Потому что когда появился режиссер, он стал всё переделывать. Пришлось пригласить нового поэта. Я был вынужден говорить с Быковым и предупредил, что от его пьесы останутся рожки да ножки. Дмитрий Львович проявил снисходительное благородство — сказал только, чтобы его имя в авторах не стояло.

Позднее режиссер и поэт снова сменились. В итоге из пьесы Быкова остались несколько сюжетных ходов и два стихотворения, но совесть не позволила мне совсем убрать его имя с афиши.

— О чем ваша «Золушка»?

— Во времена перемен — а я всю жизнь живу во времена перемен — людям очень важно сохранить себя. Как говорила героиня одной английской пьесы, «я современна — иду в ногу с самой собой». Об этом мы и сделали сказку. Ну и, конечно, о любви. Вообще всё хорошее на свете — о любви.


— «Преступление и наказание», которое вы делаете после «Золушки», — тоже?

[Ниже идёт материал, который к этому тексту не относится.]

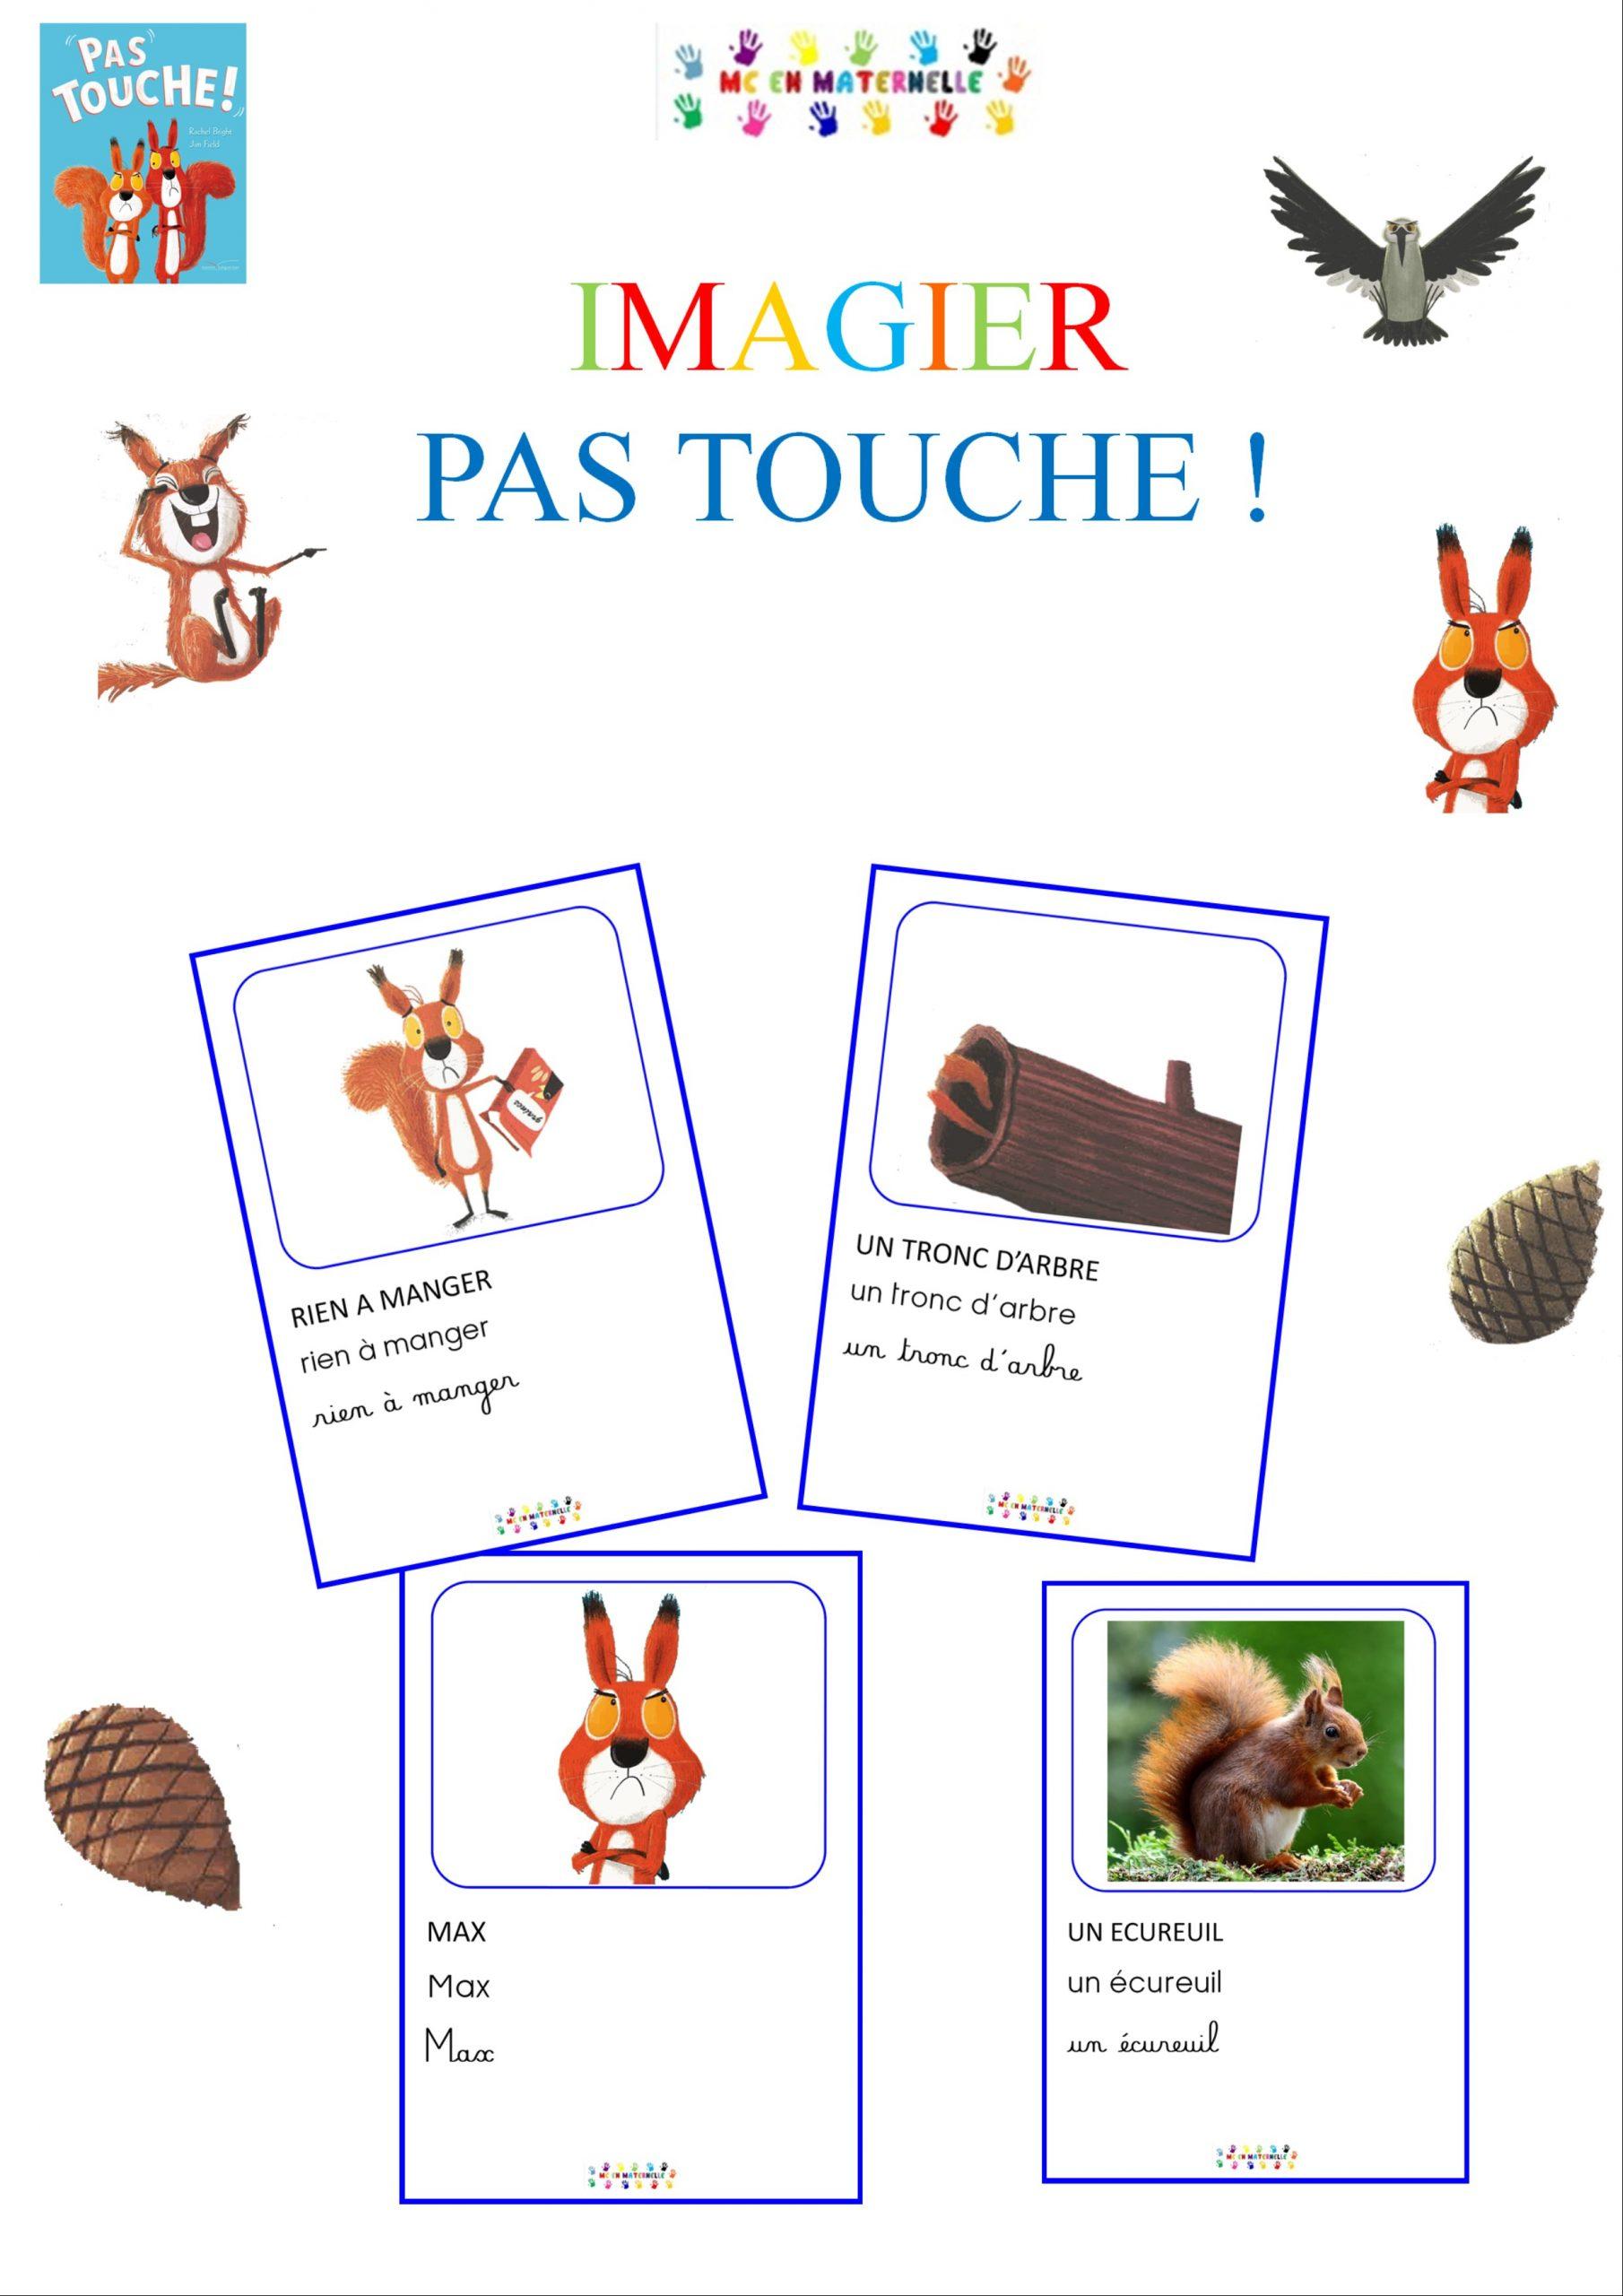 Pas Touche ! : Imagier – Mc En Maternelle dedans Imagier Noel Maternelle

— Тоже. Наши герои прозревают в тот момент, когда обретают любовь. Что есть выше любви? На что еще опереться? Не буду произносить формулы о любви к отечеству, потому что любовь охватывает всё.

— Вообще роман Достоевского — подходящая основа для мюзикла?

— Я не решился назвать наш проект мюзиклом, это будет музыкальный спектакль. Конечно, переделывать Достоевского — страшное занятие. Но мы изменились. Парень в Белгороде идет и стреляет по людям, и когда его спрашивают, зачем, он говорит: «Я стрелял в ад». В сердце современного человека, идущего на преступление, живет что-то еще более страшное, чем в сердце Раскольникова. Раскольников все-таки был укоренен в православной системе ценностей и искал в ней искупления. Сегодня этого нет. Пробить человека и заставить его поклониться на пяти углах очень трудно. Мы ко всему привыкли, мы не боимся крови, нам это всё показывают каждый день, а мы пьем чай и думаем, как нам уютно. Поэтому я 2 года работал с авторами проекта над тем, чтобы сделать эту историю более жесткой.

— В активе Театра мюзикла уже четыре спектакля. До какого момента вы будете накапливать репертуар?

— Мы и с четырьмя зашиваемся — приходится нанимать пространство для хранения декораций. Проигрываем в прокате: не можем давать больше 22 вечеров в месяц, потому что надо перемонтировать сцену. В общем, с появлением пятого спектакля что-то придется убрать. Но в будущем я хотел бы сделать репертуарный Театр мюзикла.

— Автобусную остановку напротив здания переименовали из «ДК Горбунова» в «Театр мюзикла». Признайтесь, это вы лоббировали?

— Я. Было очень серьезное разбирательство с ДК Горбунова, но я считаю, что мы это заслужили. ДК Горбунова — безусловно, легендарное место. И все-таки мы за 3 года добились того, что таксистам не надо объяснять, куда ехать.

— Когда вас спрашивали насчет проката скандального фильма «Интервью» в России, вы высказались против. А когда речь зашла о политике украинских властей, вы подчеркнули, что запрещать какие-либо фильмы бессмысленно.

— Я и не говорю, что «Интервью» надо запретить. Прокатчики вправе сами решать, показывать им это или нет. Но, с моей точки зрения, это вряд ли разумно. Не хочу дискутировать по поводу режима в КНДР, но нас с ней исторически связывают хорошие отношения. Могли бы в КНДР показать подобный фильм про Путина? Думаю, что нет. Покупать американский продукт, ироничный по отношению к лидеру союзного нам государства, — стоит ли?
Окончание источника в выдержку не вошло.